### Requirement
Each line from the one containing "The CC turn lock on the front opens into a" to the end of the entries below is to be set down exactly; the pictures are not.

━━━━━ Data supplied ━━━━━

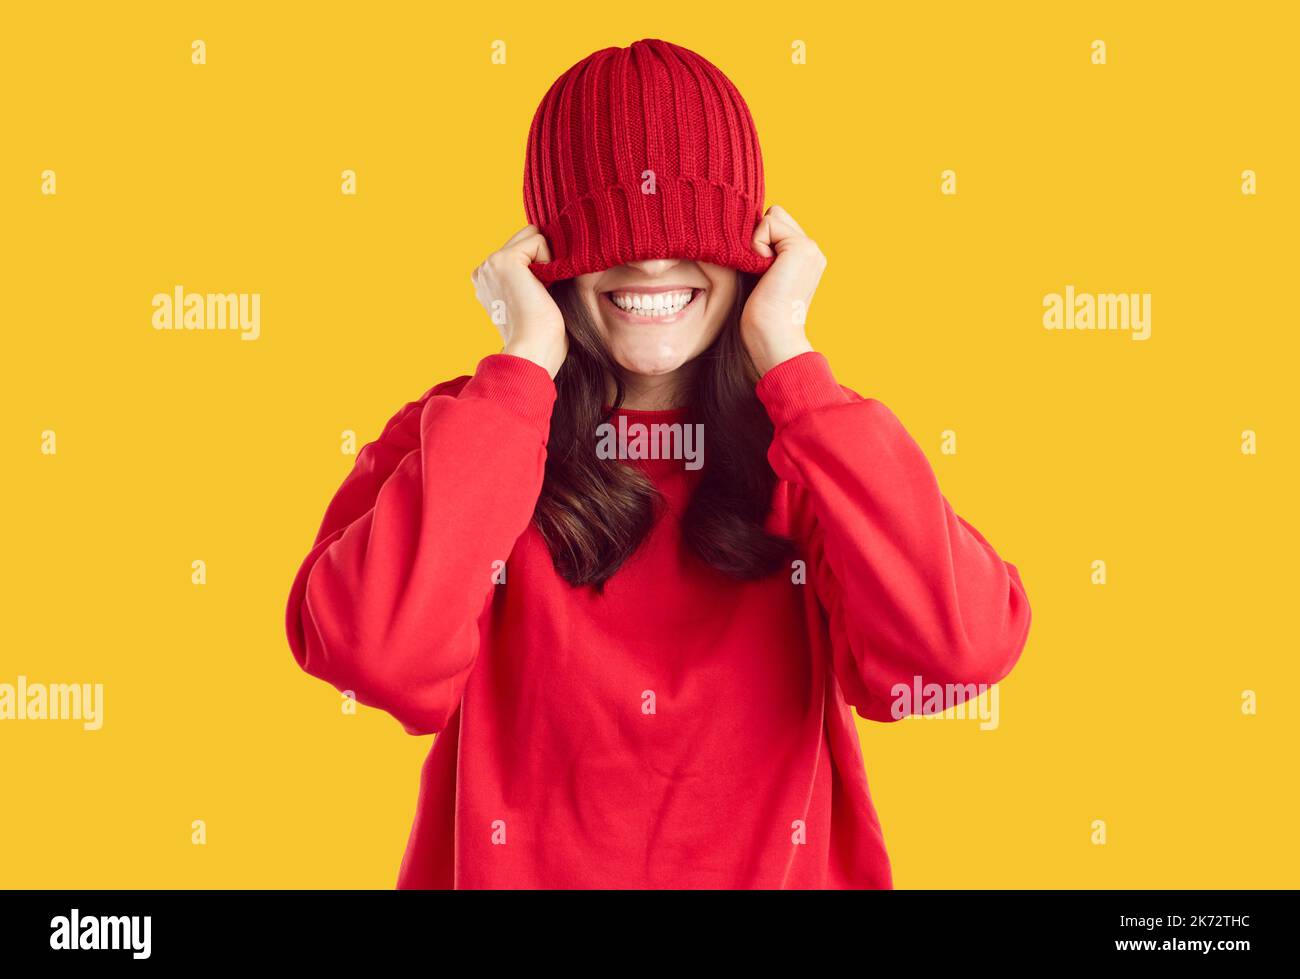 Joyful young woman covers her eyes with warm red winter hat that she puts on her head Stock Photo
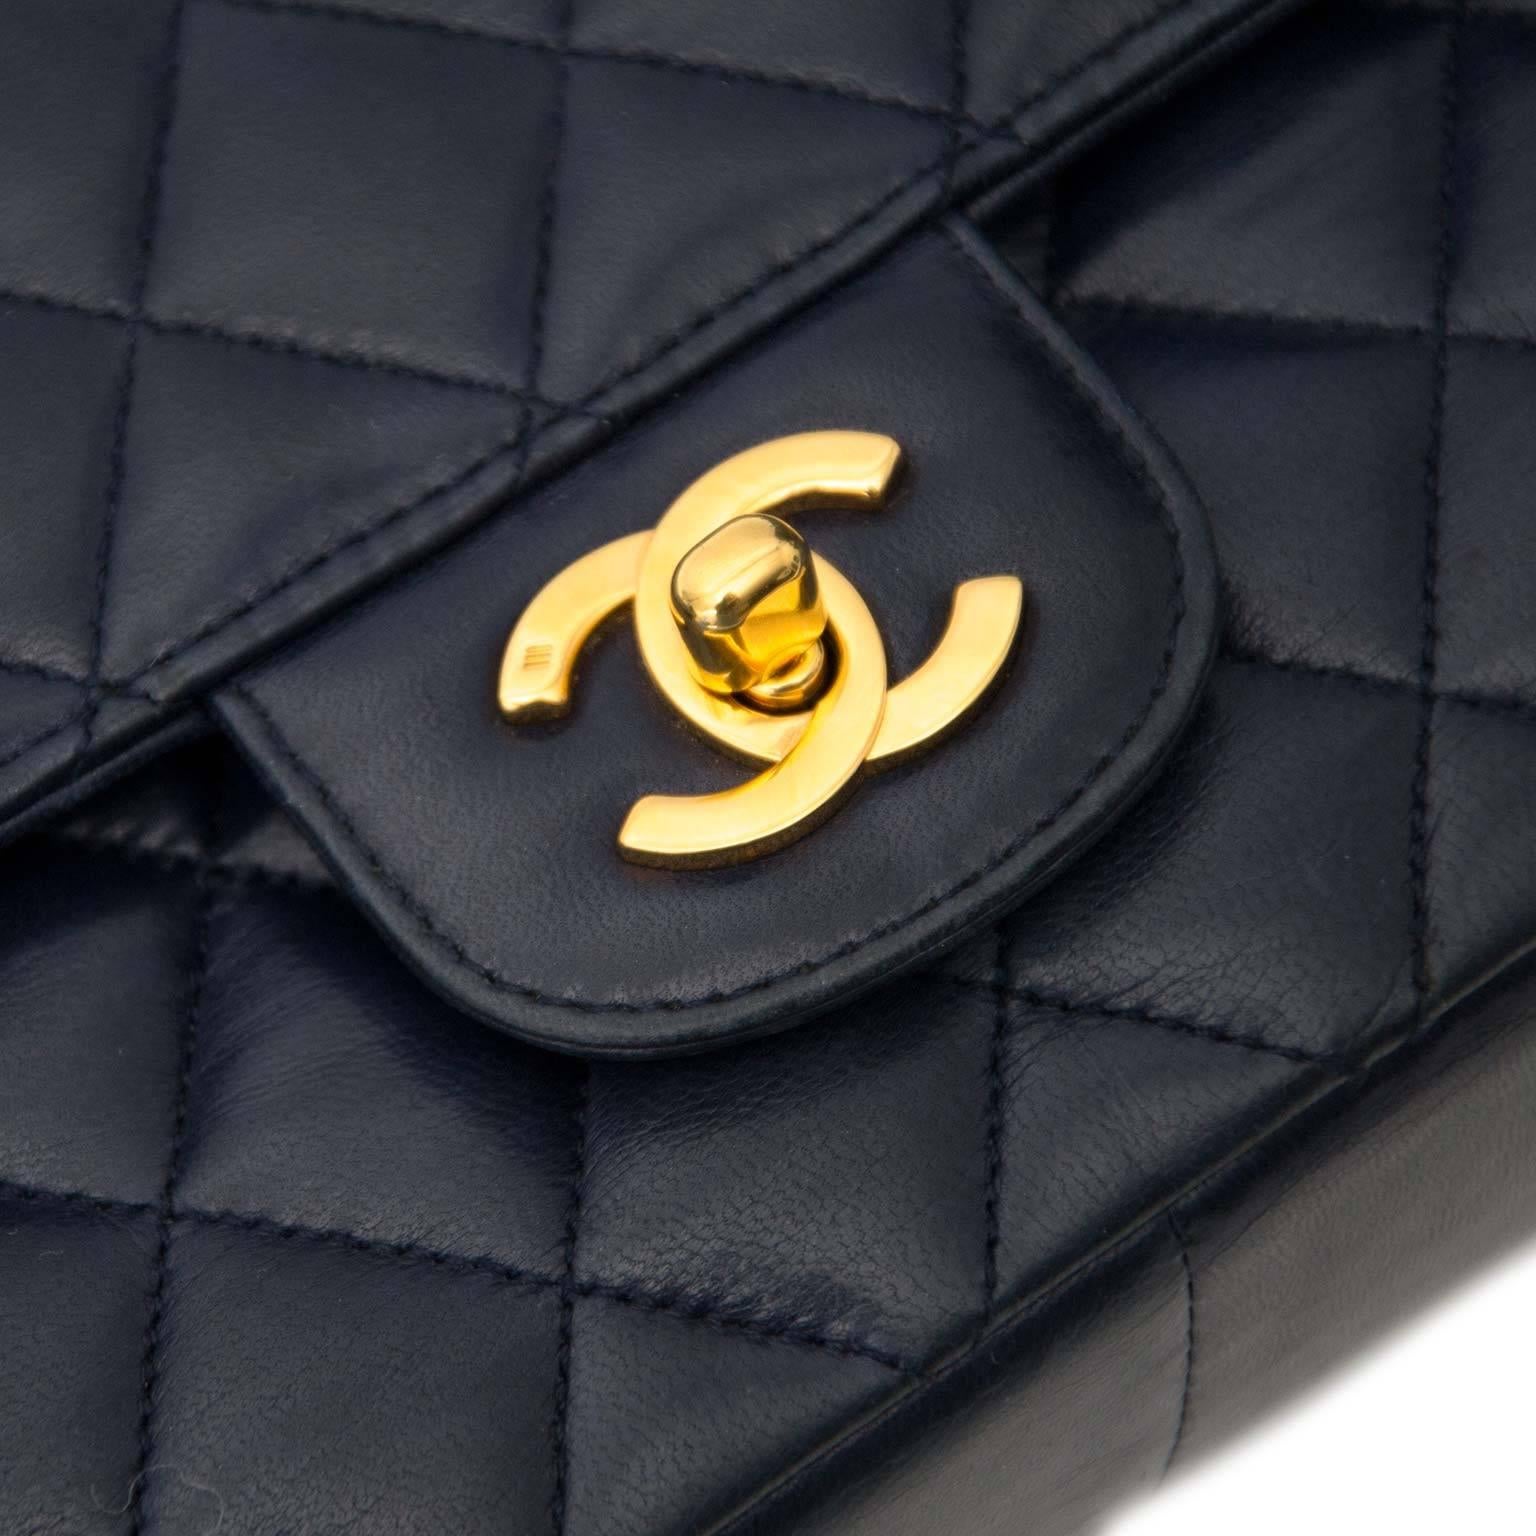 Good preowned condition

Chanel Vintage Blue Leather Classic Flap Bag

Smooth calfskin leather flap bag by Chanel. This vintage beauty stems from the early 90's and features gorgeous gold toned hardware.

The CC turn lock on the front opens into a
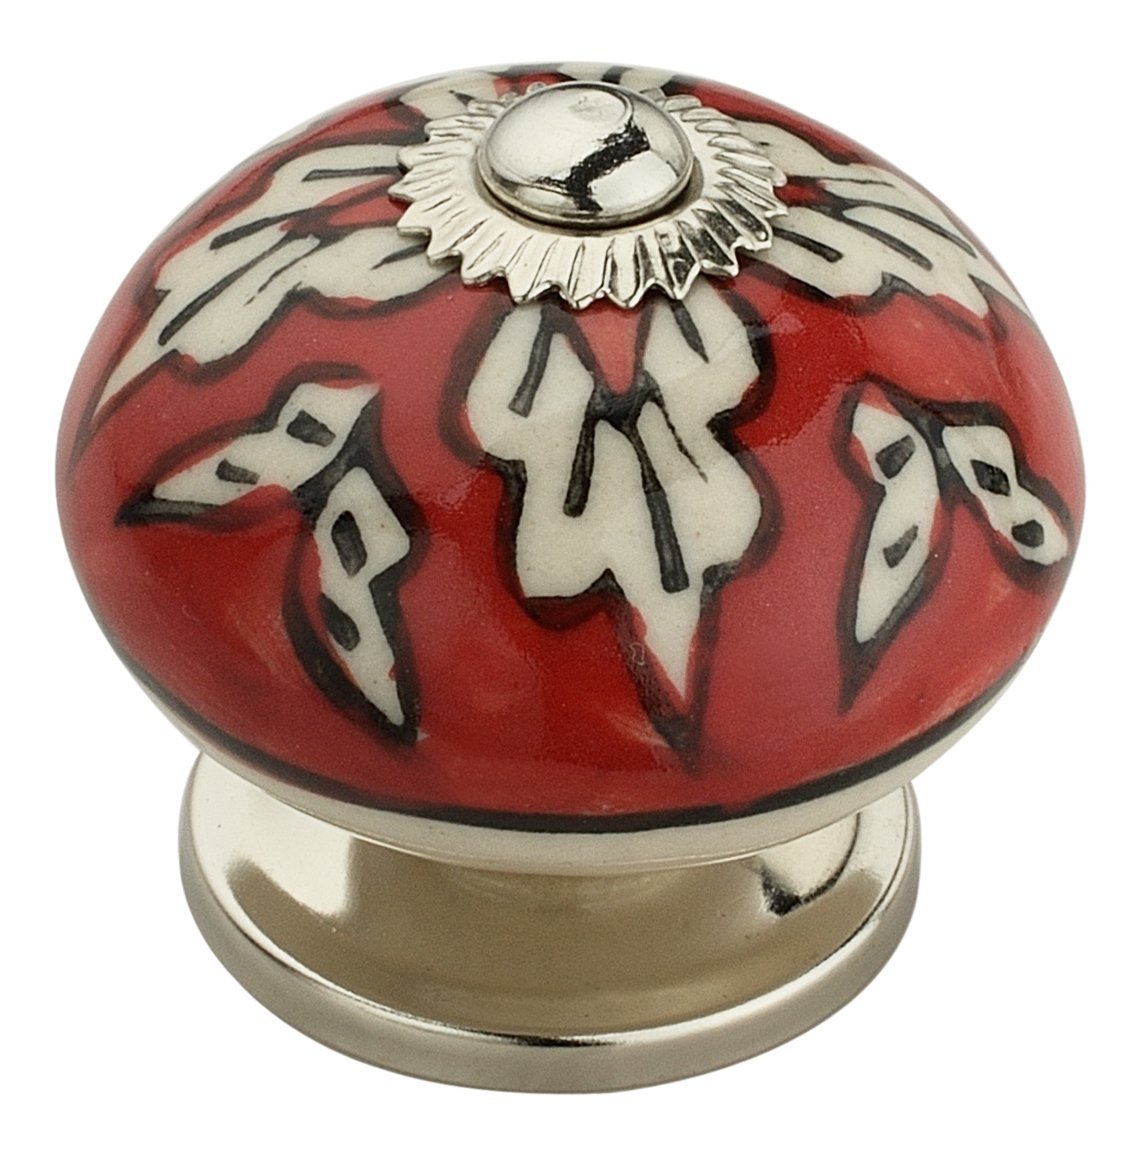 Ck312 1.6 In. Leaf On Red Cabinet Knob, White & Red - Pack Of 5

━━━━━

### Output below
The CC turn lock on the front opens into a
 Ck312 1.6 In. Leaf On Red Cabinet Knob, White & Red - Pack Of 5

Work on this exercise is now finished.